В полумраке комнаты белели подушки и покрывала четырех застеленных кроватей. Они были свободны за исключением той, что стояла в переднем углу возле гардероба и тумбочки. На ней сидело закутанное в простыню человеческое существо. Черты худого и бледного лица ее были неясны, но в левой руке тлел малюсенький табачный светлячок. «Откуда вы?» надломленным, но несомненно женским голосом спросило существо. «Я из Башкирии,» солгала Маша. «Мы приехали сегодня.» «А я живу здесь месяц… И все одна,» в голосе ее послышались истерические нотки. «Нинель Ефнатьевна Полторацкая,» существо протянуло для рукопожатия свою холодную и слабую лапку. От вида ее морщинистой конечности Маше сделалось противно. Маша осторожно коснулась ее кончиками пальцев и представилась вымышленным именем. «Если вас угнетает мое курение, то не закрывайте форточку,» разрешила Нинель. «Когда я жила в Бронксе, то из-за дыма соседи ненавидели меня.» Маша сделала непонимающее лицо. «Не волнуйтесь, Нинель Ефнатьевна, я привыкла. Мой муж тоже много курит.» «Ааа…,» одобрительно протянула Нинель. «Кто ваш муж?» «Кем же ему еще быть?» притворно вздохнула Маша. «Охраняет священные рубежи нашей социалистической родины.» «Пограничник значит,» допытывалась Нинель. «Ну, а вы кто будете?» «Я по тому же ведомству, что и он. Куда муж — туда и жена.» «Это правильно.

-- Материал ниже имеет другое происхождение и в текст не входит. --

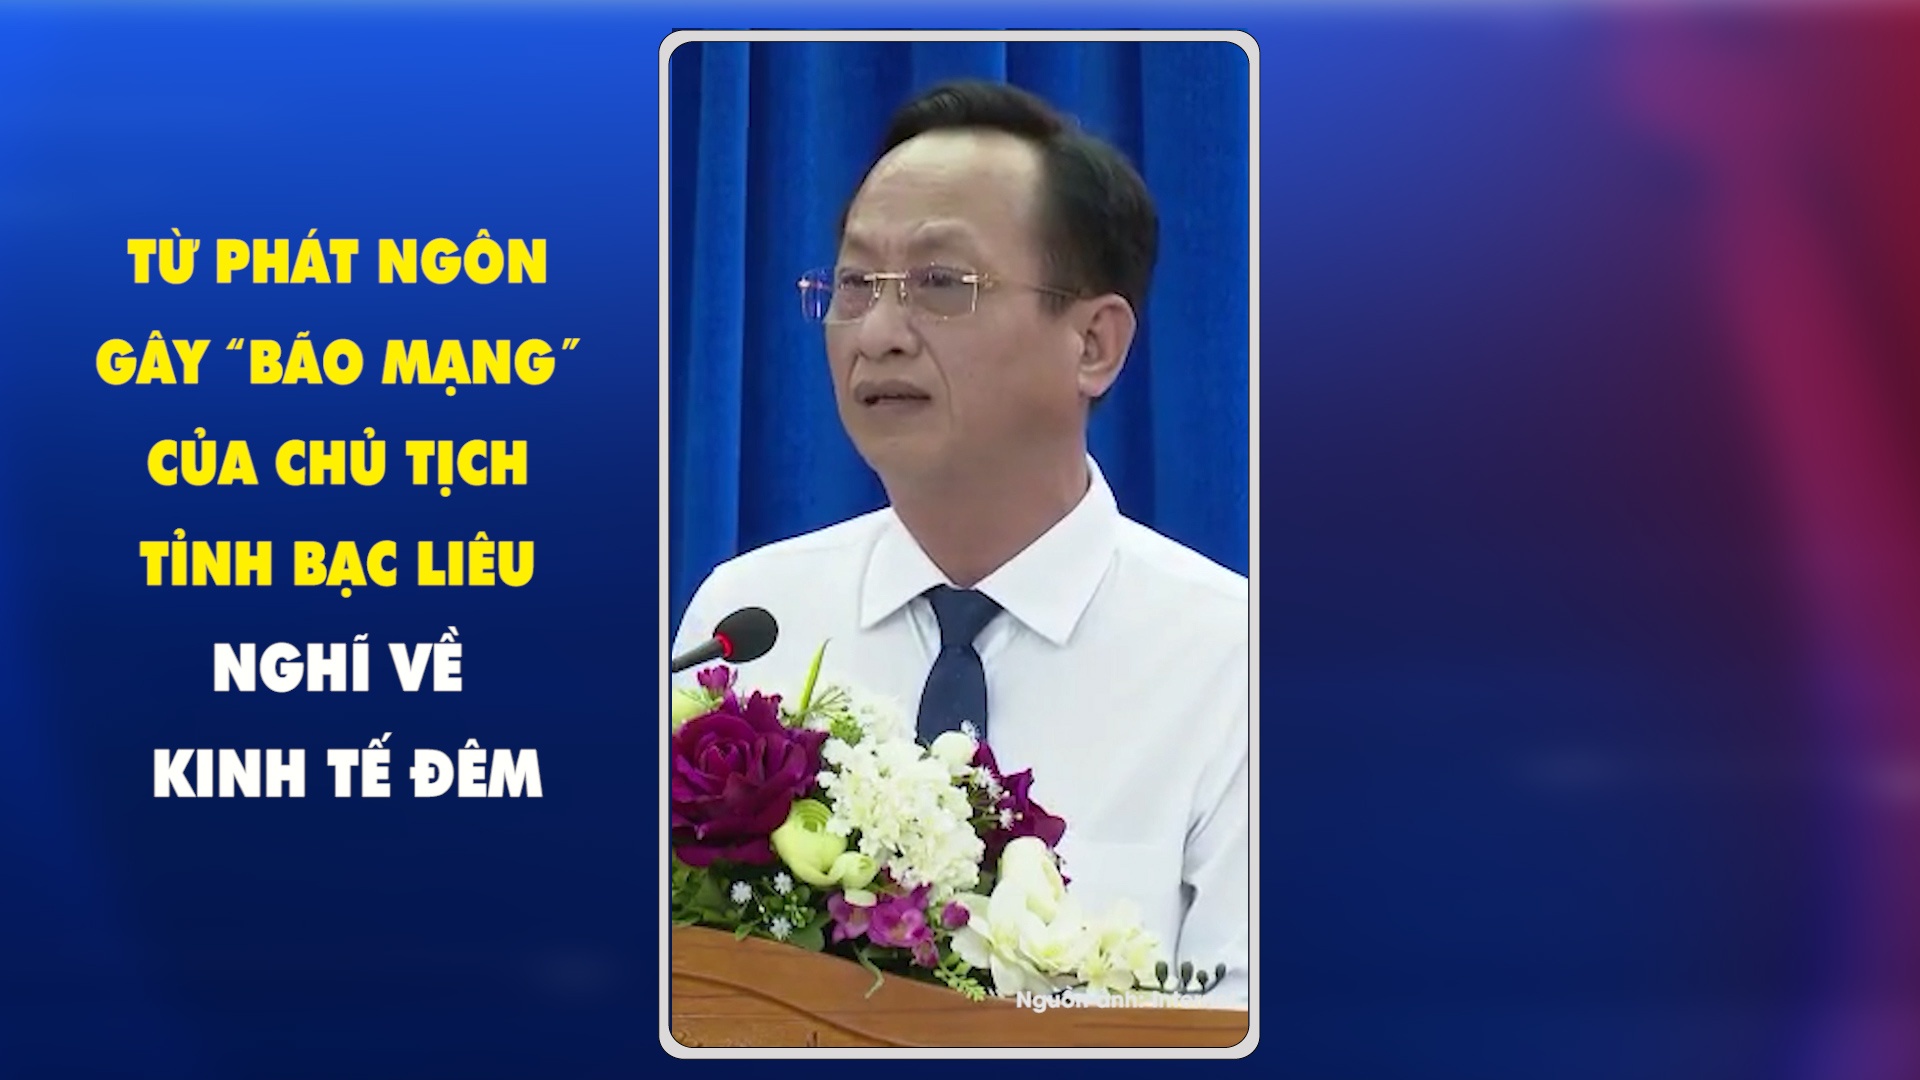 Từ phát ngôn gây “bão mạng” của Chủ tịch tỉnh Bạc Liêu nghĩ về kinh tế đêm
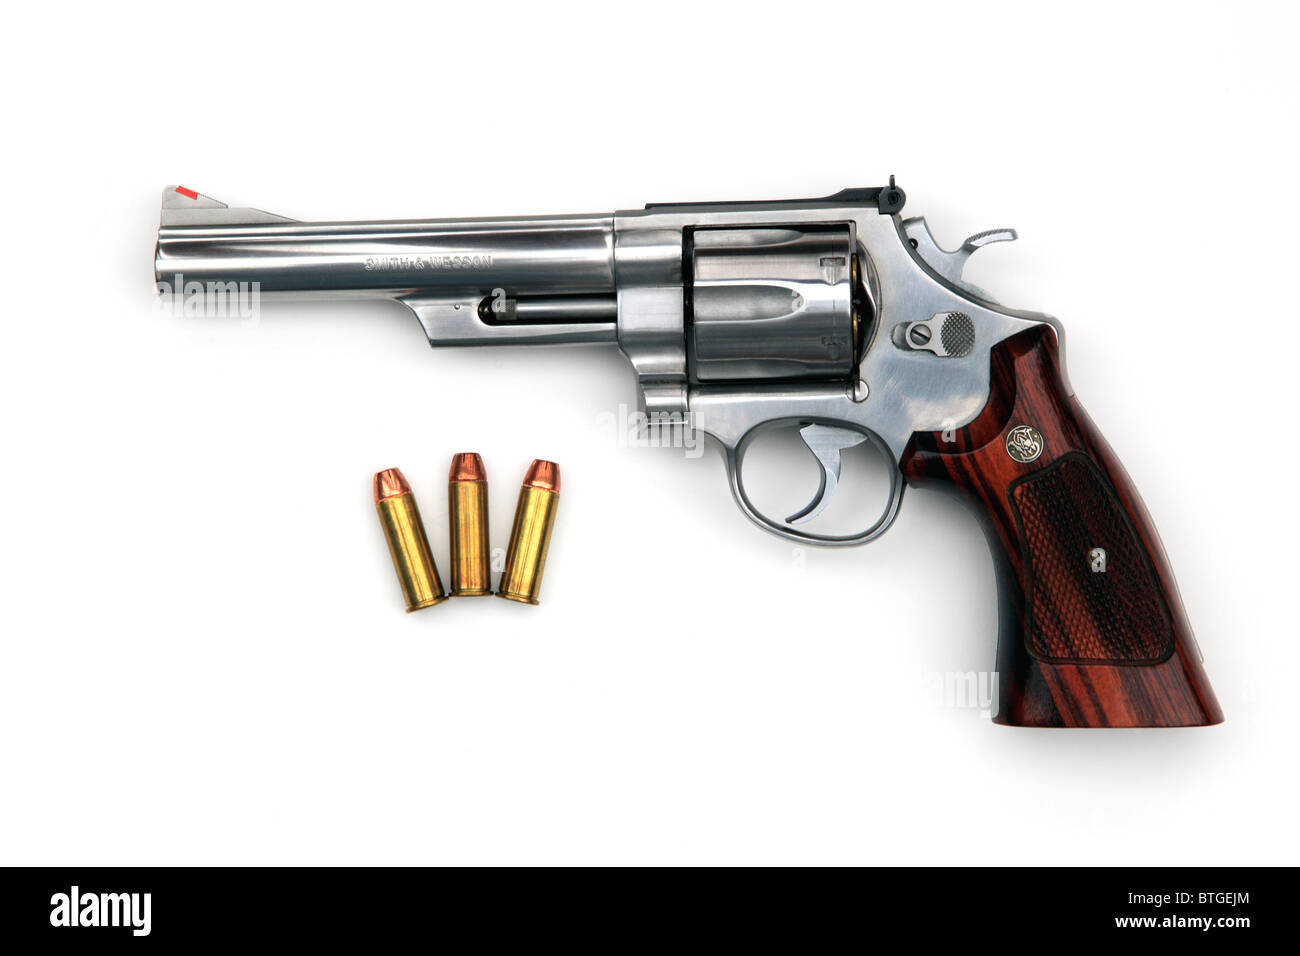 Eine.44 Magnum Revolver, die gleiche Art wie in den Filmen "Dirty Harry" verwendet, außer diesein aus rostfreiem Stahl hergestellt wird. Stockfoto

Так и должно быть — как нитка за иголкой.» «Откуда вы? Где это — Бронкс?» «Это очень далеко,» с удовольствием зажмурилась Нинель; бывалая рассказчица предвкушала внимание участливой и терпеливой слушательницы. «Я вам еще не говорила, что мы с мужем десять лет прожили в Нью — Йорке? У меня секретов нет. Бронкс это один из районов Нью-Йорка. Всем моим друзьям я рассказала об ужасных буднях тамошней жизни. Вы наша — вы умеете хранить тайны; с вами я поделюсь!» Она засмолила последнюю папиросу, достав ее из опустевшей коробки и, выпустив под потолок густой клуб дыма, немного раскачиваясь, монотонным протяжным голосом завела…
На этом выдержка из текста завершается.